_Dataset extract_:
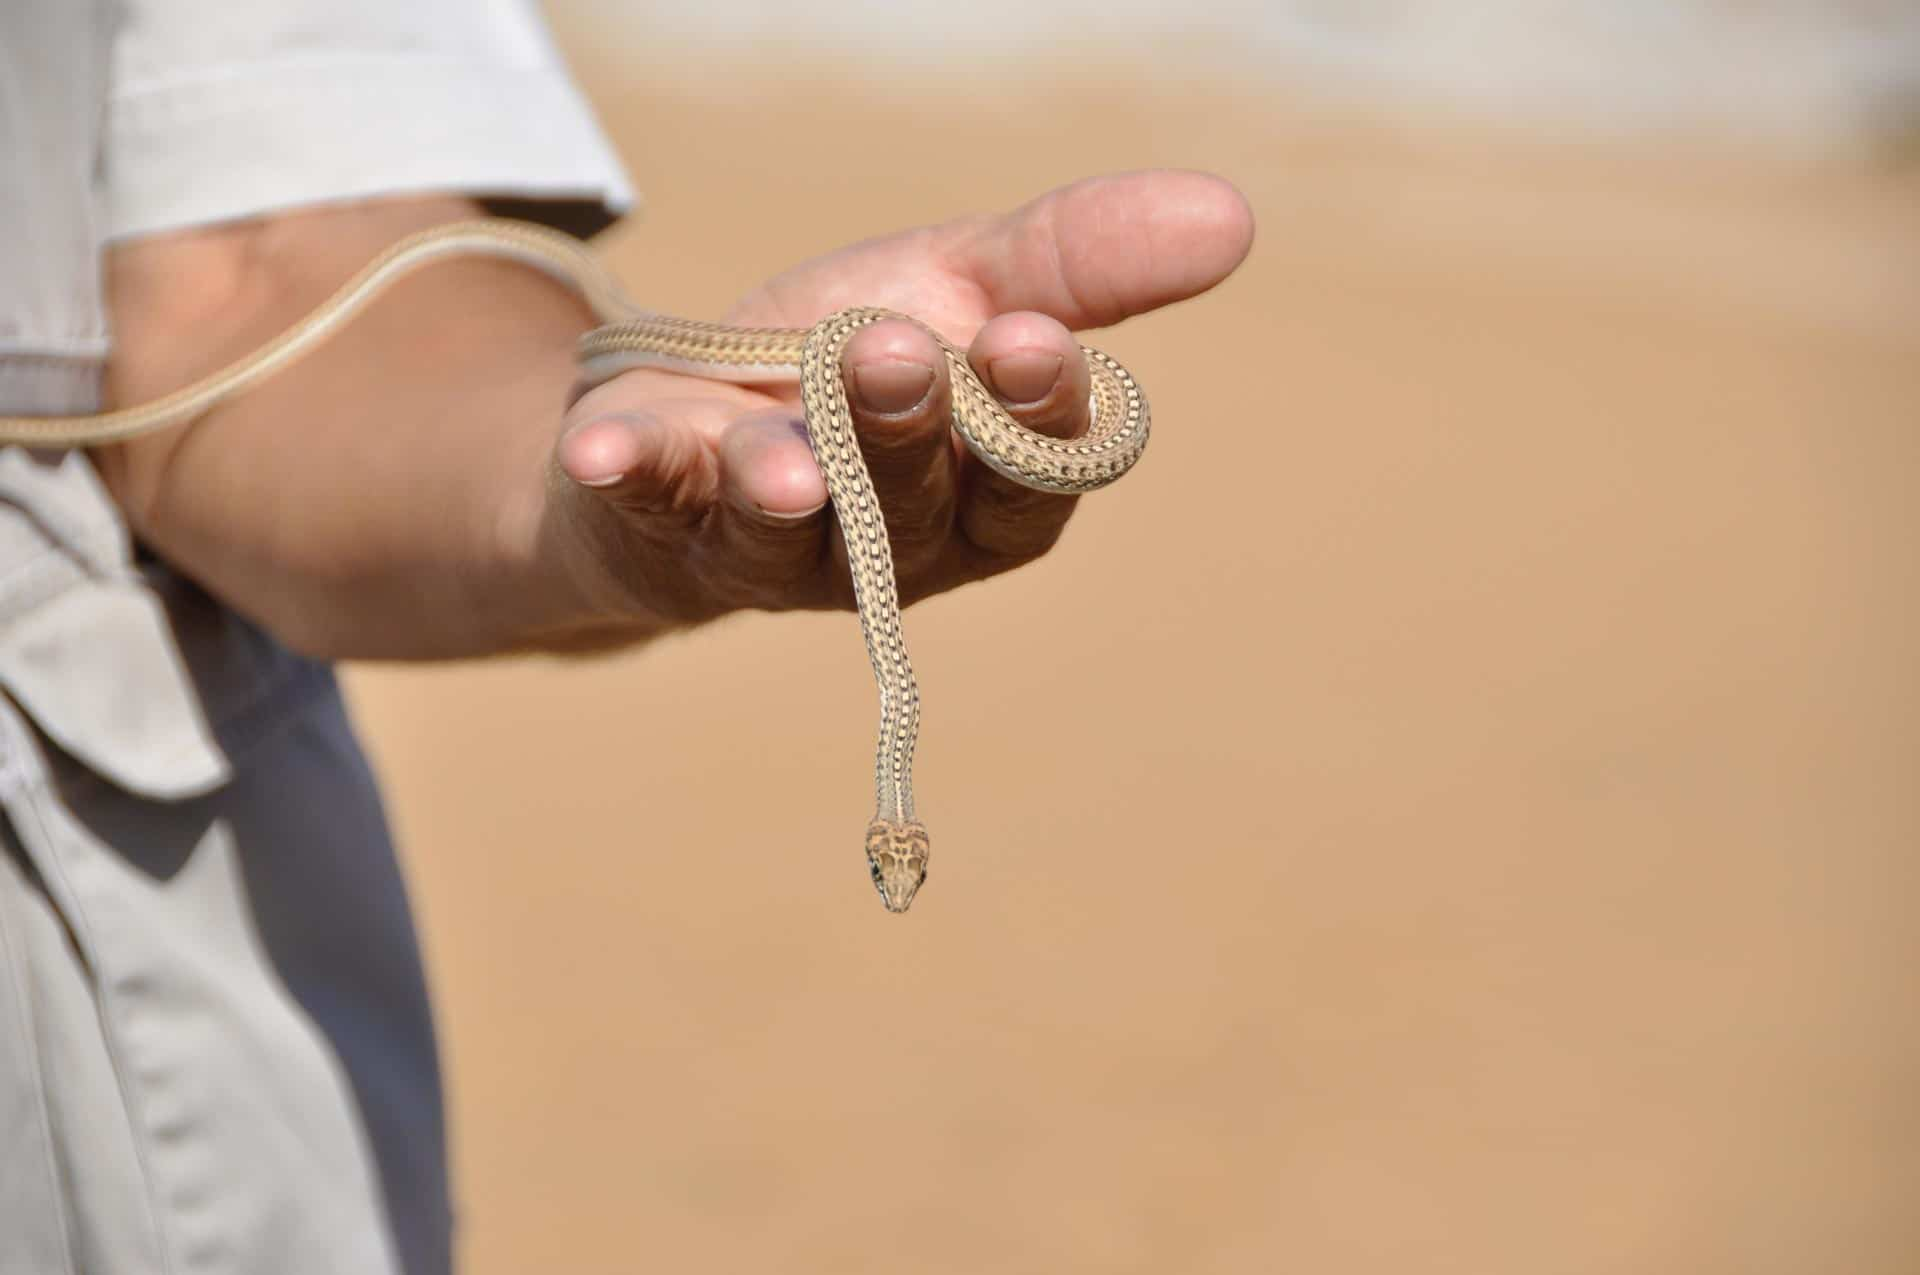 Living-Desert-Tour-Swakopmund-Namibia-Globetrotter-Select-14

...

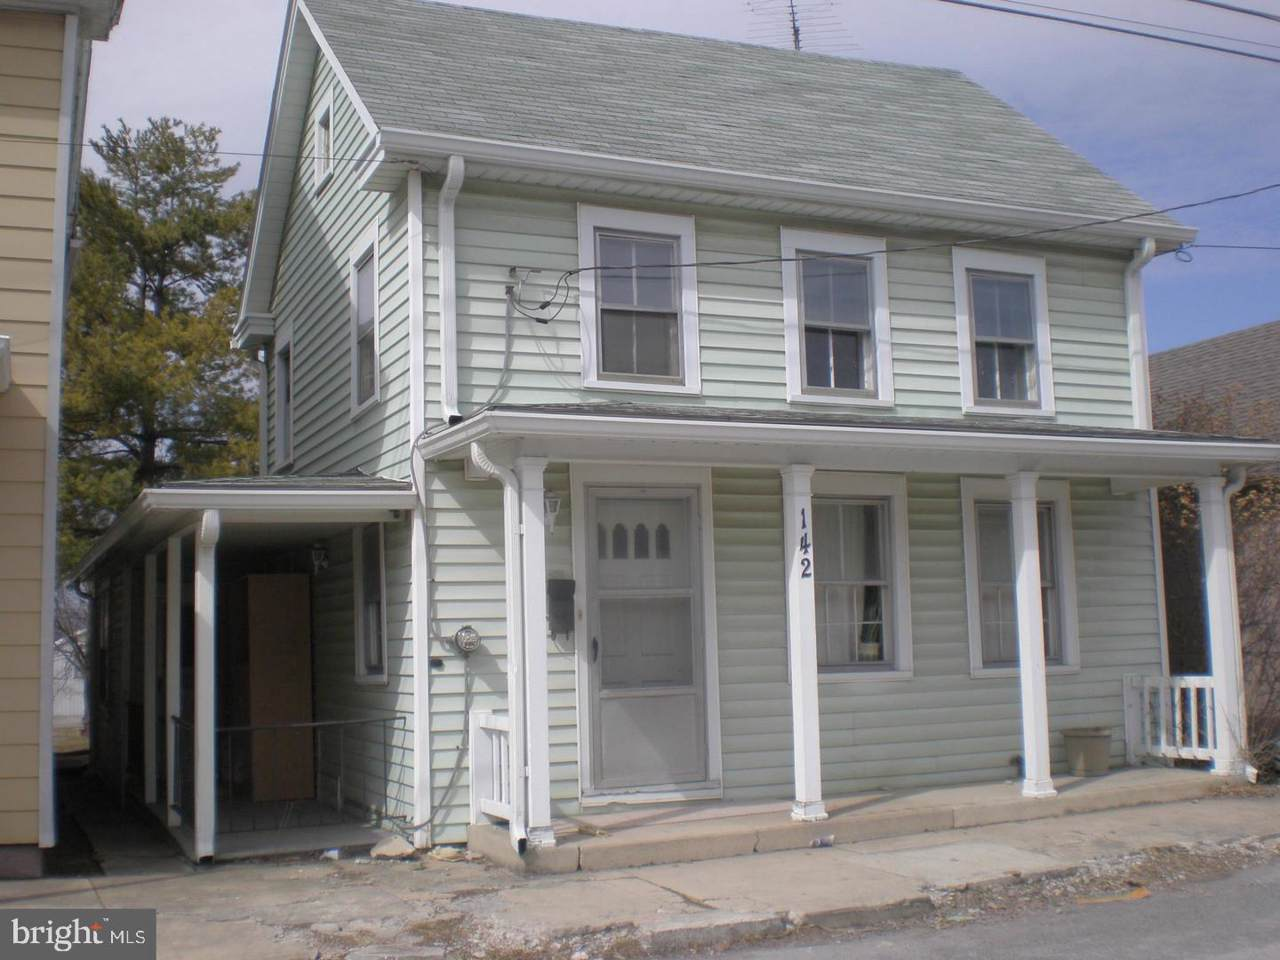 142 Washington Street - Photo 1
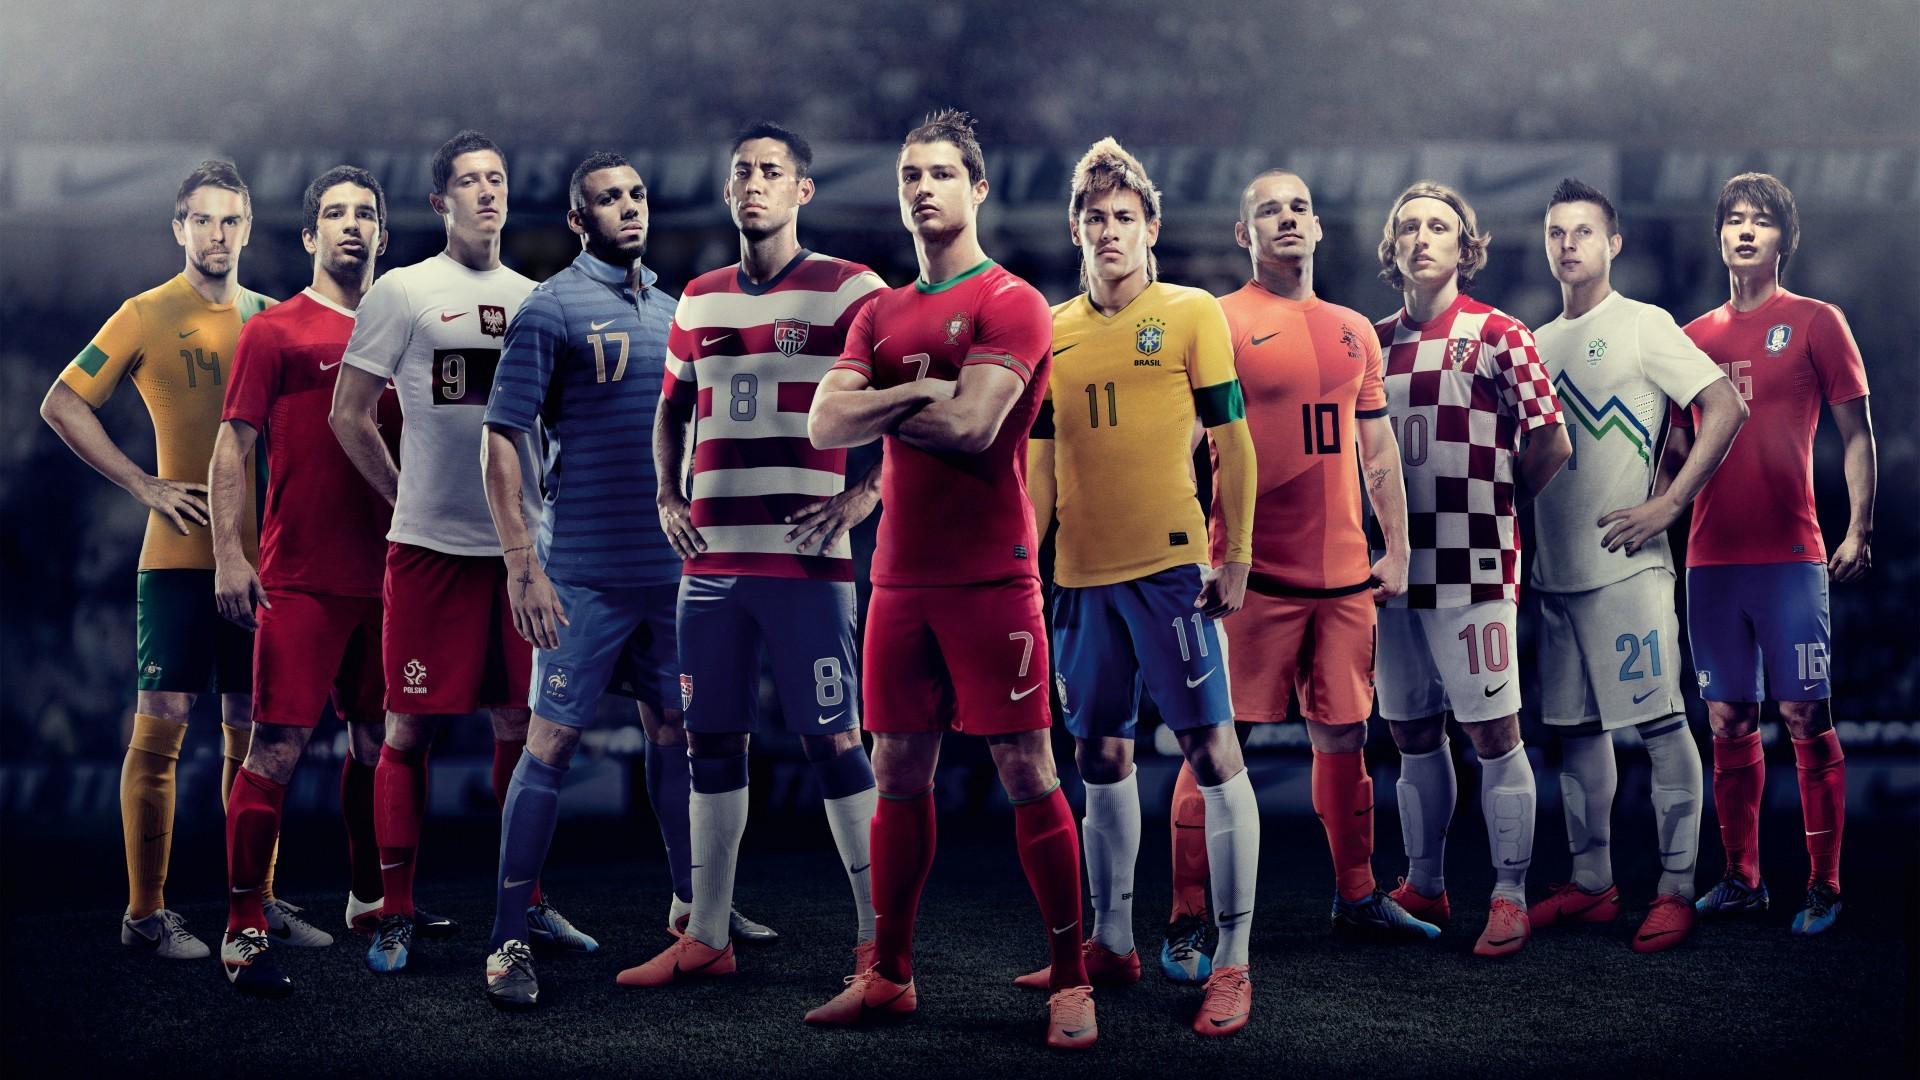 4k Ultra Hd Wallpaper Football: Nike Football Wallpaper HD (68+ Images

_Work request_: In the listing above, find the line containing "142 Washington Street - Photo 1" and the line containing "4k Ultra Hd", then print exactly those two lines and every line between them, minus the pictures.

_Response to the exercise_:
 142 Washington Street - Photo 1
 4k Ultra Hd Wallpaper Football: Nike Football Wallpaper HD (68+ Images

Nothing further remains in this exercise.